International career
- 2001–2002: Russia / 8 / (0)

Managerial career
- 2005–2006: FShM Moscow
- 2007: Torpedo Moscow (assistant)
- 2007: Torpedo Moscow (caretaker)
- 2007–2008: Torpedo Moscow (assistant)
- 2008: Torpedo Moscow (caretaker)
- 2008–2009: Torpedo Moscow
- 2011: Russia U-19
- 2013: FShM Moscow
- 2014–2017: Academy Lokomotiv Moscow
- 2017–2020: Lokomotiv Moscow (U-21 assistant)
- 2020–2025: Academy Torpedo Moscow
- 2025–: Academy Dynamo Moscow

= Vyacheslav Dayev =

Russian footballer

Vyacheslav Yevgenyevich Dayev (Вячеслав Евгеньевич Даев; born 6 September 1972) is a Russian association football coach and a former player.

==Playing career==
He has played eight matches for Russia national football team and was a participant at the 2002 FIFA World Cup.

==Coaching career==
After finishing his playing career he worked a children's coach in Torpedo Moscow football school.

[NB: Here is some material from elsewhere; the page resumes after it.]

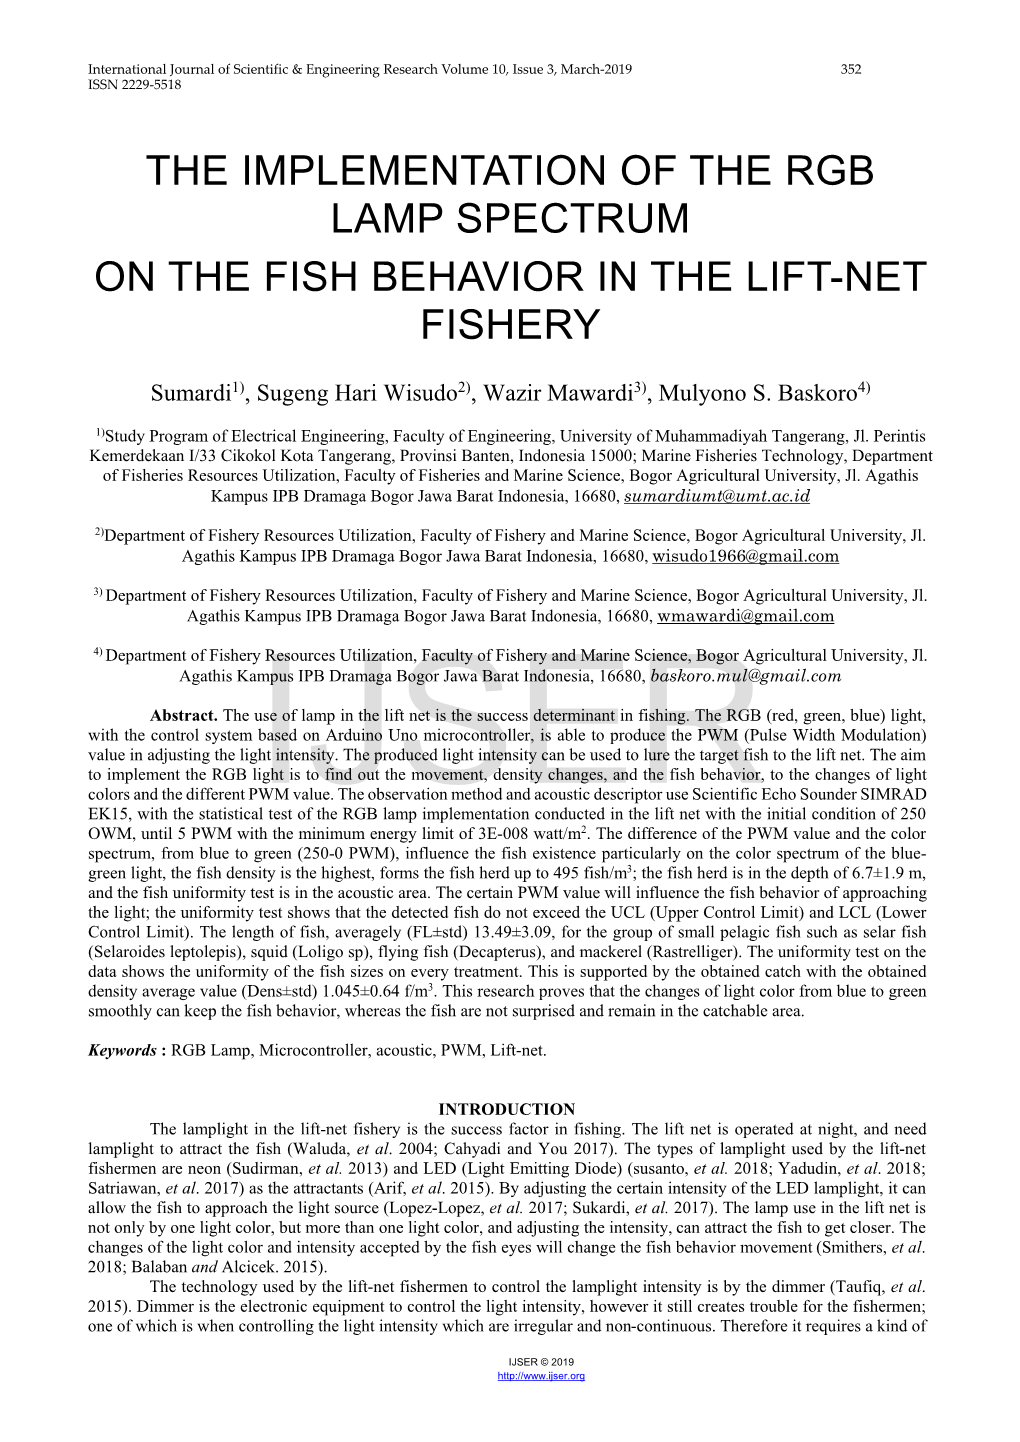 The Implementation of the Rgb Lamp Spectrum on the Fish Behavior in the Lift-Net Fishery

In 2007, he was appointed as a caretaker manager at Torpedo after Georgi Yartsev was sacked. Daev was remaining at that position for five weeks until he was replaced by Ravil Sabitov.

Next year Ravil Sabitov was sacked and Dayev became Torpedo Moscow caretaker again. He went on to manage the Russia national under-19 football team.